Is it possible to add a LLM model to rephrase bot responses with rasa open source?
- I think, Updating
domain.yml
responses can help you in this. - Could be possible with a custom action or maybe add a custom component that can change the final response from rasa.
I have written a blog on one scenario where Rasa faced NLUfallback , I used chatgpt to answer int hose cases: How to use ChatGPT with Rasa - Python Warriors
What do you think of adding a NLU component Custom Graph Components to rephrase the bot’s responses based on the context of the conversation, do you think it is a good idea?
Yes, But you cannot add it at the top, Most probably you’ll have to add it at the bottom as this will be the final response and no other algorithm should run on it.
By the way if you only want to enhance the response, I think you can enhance the response from domain file first and then train the new model. If you are going to return response from a custom action then you can directly interact with LLM their and send back the response.
Most of my responses are in my domain.yml file, can you please explain what you mean by “enhance the response from domain file”, because I already have some good pre-written responses, I just wanted the bot to be able to give more humanized and personalized responses similar to this LLMs for Natural Language Generation. I can’t do that using the domain.yml file or can I?
You can. See Ideally Rasa bot return the response that comes from the domain.yml
response section right. So if those responses are personalized, like you can add the user name using slot in the response or or more fields as well. This will make the response personalized.
for ref: https://rasa.com/docs/rasa/responses#using-variables-in-responses
Yeah I get that, but by personalized I mean more of giving answers based on the context so:
If I want to implement something like this what options do you think I have?
I would look at the Rasa NLG instead of a custom action or custom component.

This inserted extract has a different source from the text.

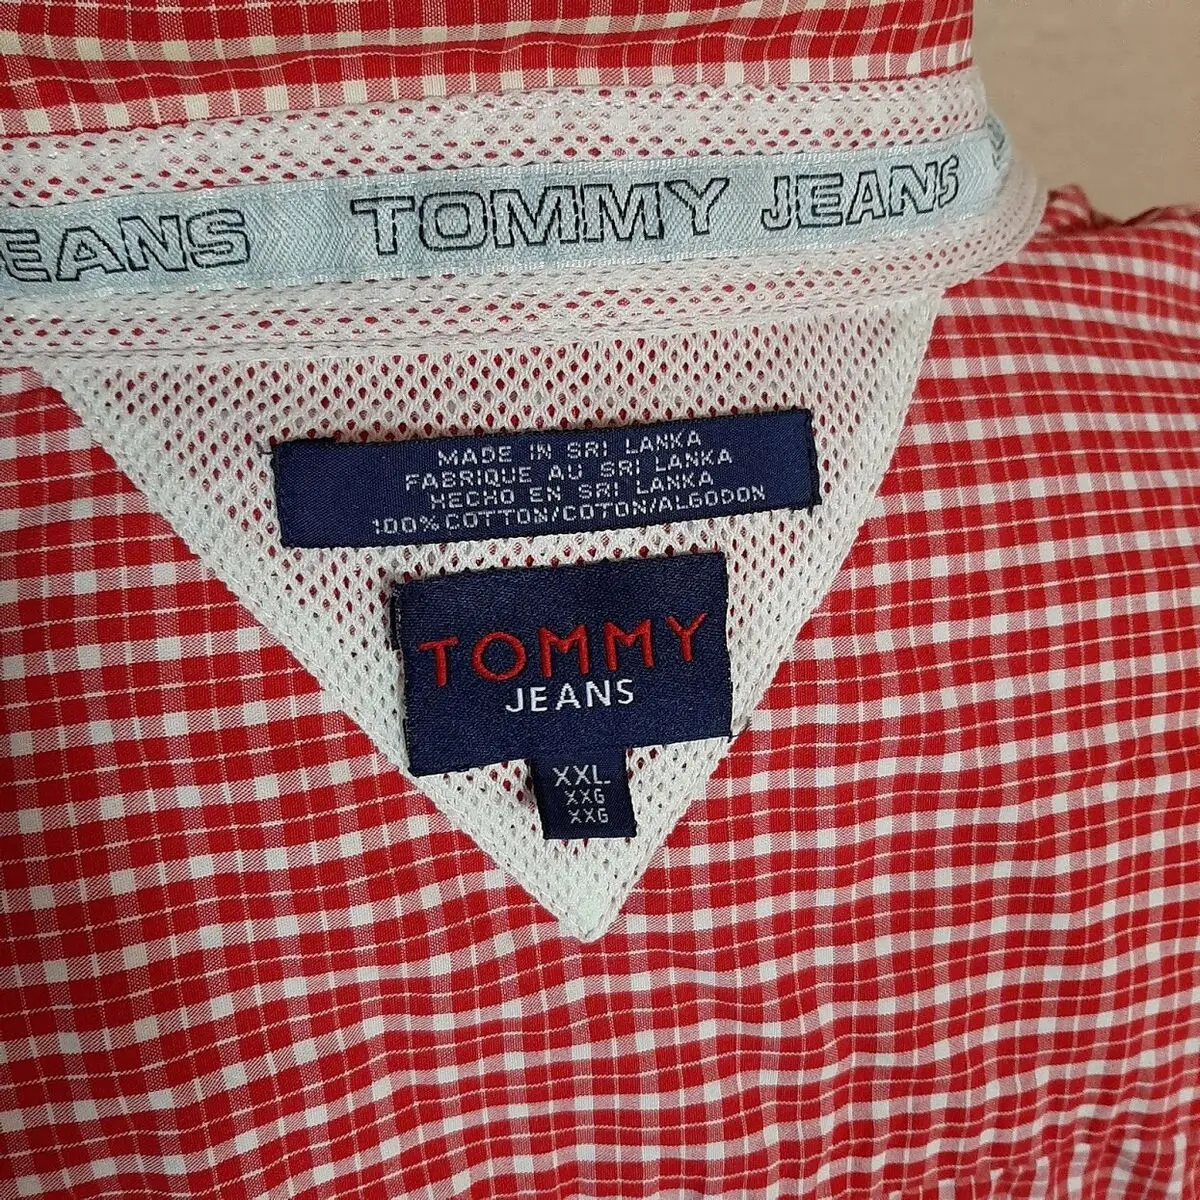 camisa tommy jeans - Qué es la marca Tommy Jeans

Can you explain a bit more how that would work? any examples? I added the code from NLG Servers to my project, and added https://github.com/RasaHQ/rasa/blob/main/examples/nlg_server/nlg_server.py, do I have to now host a model on 5006? and do I have to fine tune the model to extract the messages and intent from json format to then generate the output? This is what I get right now when I do rasa shell --debug after running my actions and running the nlg_server.py.
As you can see from the json example on the docs page, the NLG endpoint you create would receive the name you’ve chosen for the utterance, utter_what_can_do
in the example. Your NLG would have some full text for the utter_what_can_do
key and send the full text to the LLM to ask it to rephrase. You could pull the text from your domain.yml if you want. There is an example NLG in the Rasa repo here. I have also written a Django based NLG server with multi-language in mind here.
An advantage of the NLG approach is that the model is not involved. There are no changes. You only have to maintain a list of responses in the domain so these only change when you add/remove a response. You can change the response sent to the user in the NLG. In your case the LLM is generating the response.
Hello, I want to make a chatbot that will take up a question from a user and extract 2 or more slots which will be prameters for my api and call that api and fetch the answer whatever that api is returning. Is this possible? Can LLM or rasa pro help in this? Is there any way I can get some guidance on this?
Yes, with Rasa Pro, you can see an example in the rasa-calm-demo here. This is a flow that calls an API to add a contact to a db.